Stasiun Tugu
Semilir angin meruapkan aroma tanah. Rel yang memanjang berkilat oleh sisa embun. Di kejauhan, kabut yang menggayut di pepohonan perlahan musnah terbakar matahari. Sekawanan burung gereja terbang lalu hinggap di kabel tiang listrik. Kicau mereka menyambut para penumpang yang baru saja turun dari kereta.
Dari bangku tunggu, kusaksikan wajah-wajah asing itu lalu lalang. Ah, entah berapa puisi telah lahir distasiun ini. Kalau bukan karena Sunu, tak terfikir olehku menginjakkan kaki kembali di kota ini. Kota yang menyimpan ribuan perjalanan hidupku.
Minggu lalu, menjelang dini hari, Sunu menelepon. Suaranya nyaris tak kukenali lagi. Dia ingin memastikan kedatanganku di resepsi pernikahannya nanti.
"Aku belum pasti bisa berangkat atau tidak" jawabku.
"Lho, kenapa begitu? Usahakanlah datang. Ini hari bersejarah dalam hidupku. Pemikahan kedua dan ketiga nanti, belum tentu kau kuundang lagi." ia terbahak-bahak di ujung kalimatnya.
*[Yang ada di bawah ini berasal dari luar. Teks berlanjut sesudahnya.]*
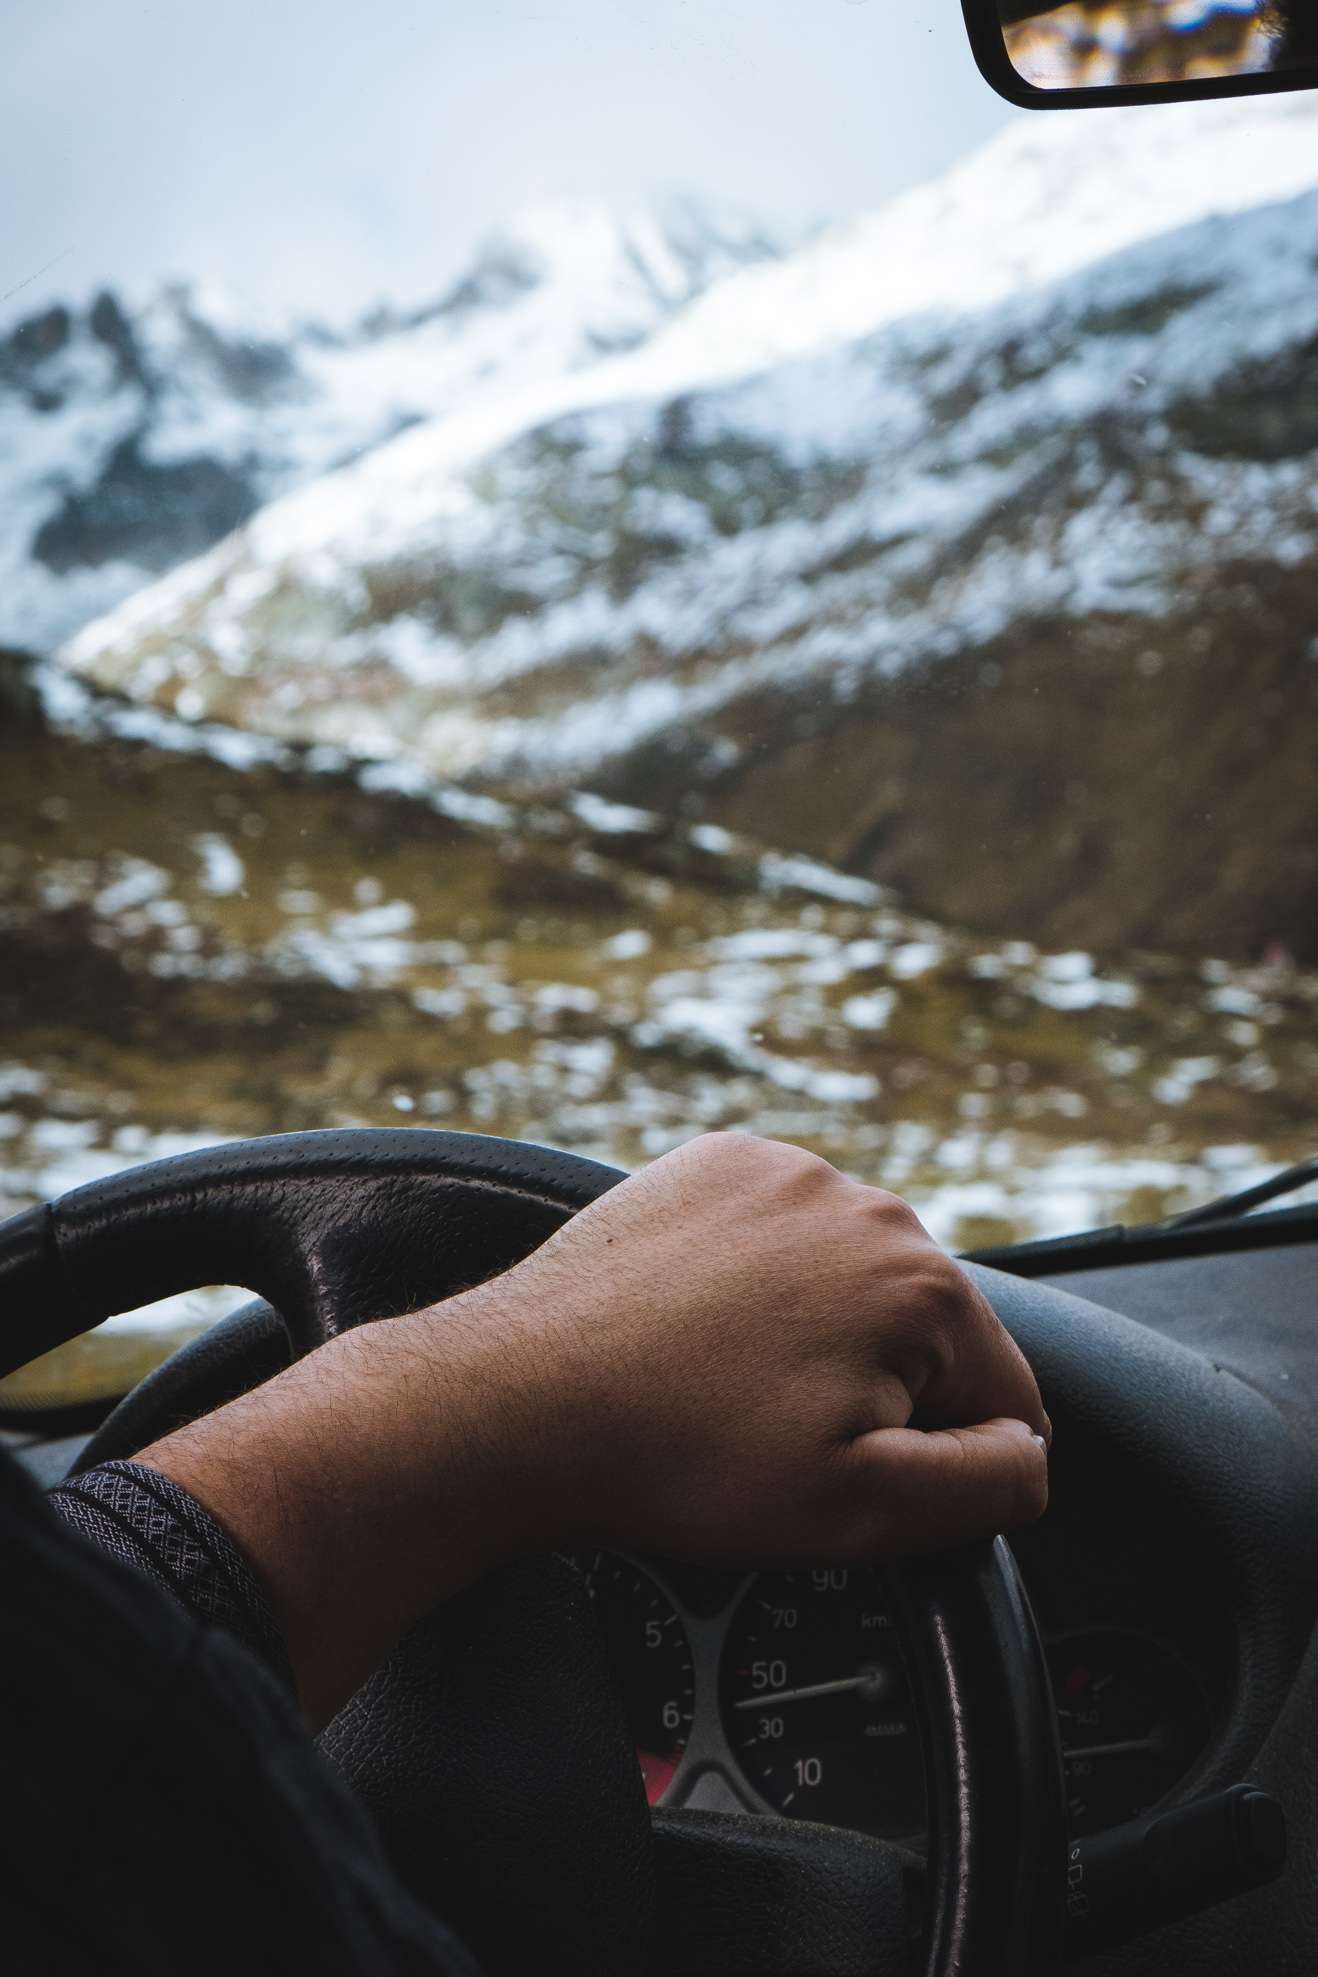 Thomas's hand on the steering wheel as he drives us through the snowy, mountainous landscape of Switzerland in the back

"Bagaimana kalau aku tak dapat izin dari kantor?"
"Bolos sajalah dari kantormu"
"Semprul, Kau mau aku dipecat?!"
"Kalau dipecat, carilah pekerjaan lain."
Ah, dia masih seperti dulu, pikirku. Humoris dan kerap menganggap enteng semua masalah.
"Okelah, sebisa mungkin kuusahakan datang."
"Ajak serta keluargamu. Kalian bisa menginap di villaku di Kaliurang. Hitung-hitung liburan akhir pekan." Tawarannya itu membuatku mengingatkan sesuatu. Serasa ada yang menohok batin. Sejak wisuda, kami dipisahkan jarak dan waktu.
Sunu melanjutkan tongkat estafet bapaknya. Mengurus usaha mebel dan percetakan.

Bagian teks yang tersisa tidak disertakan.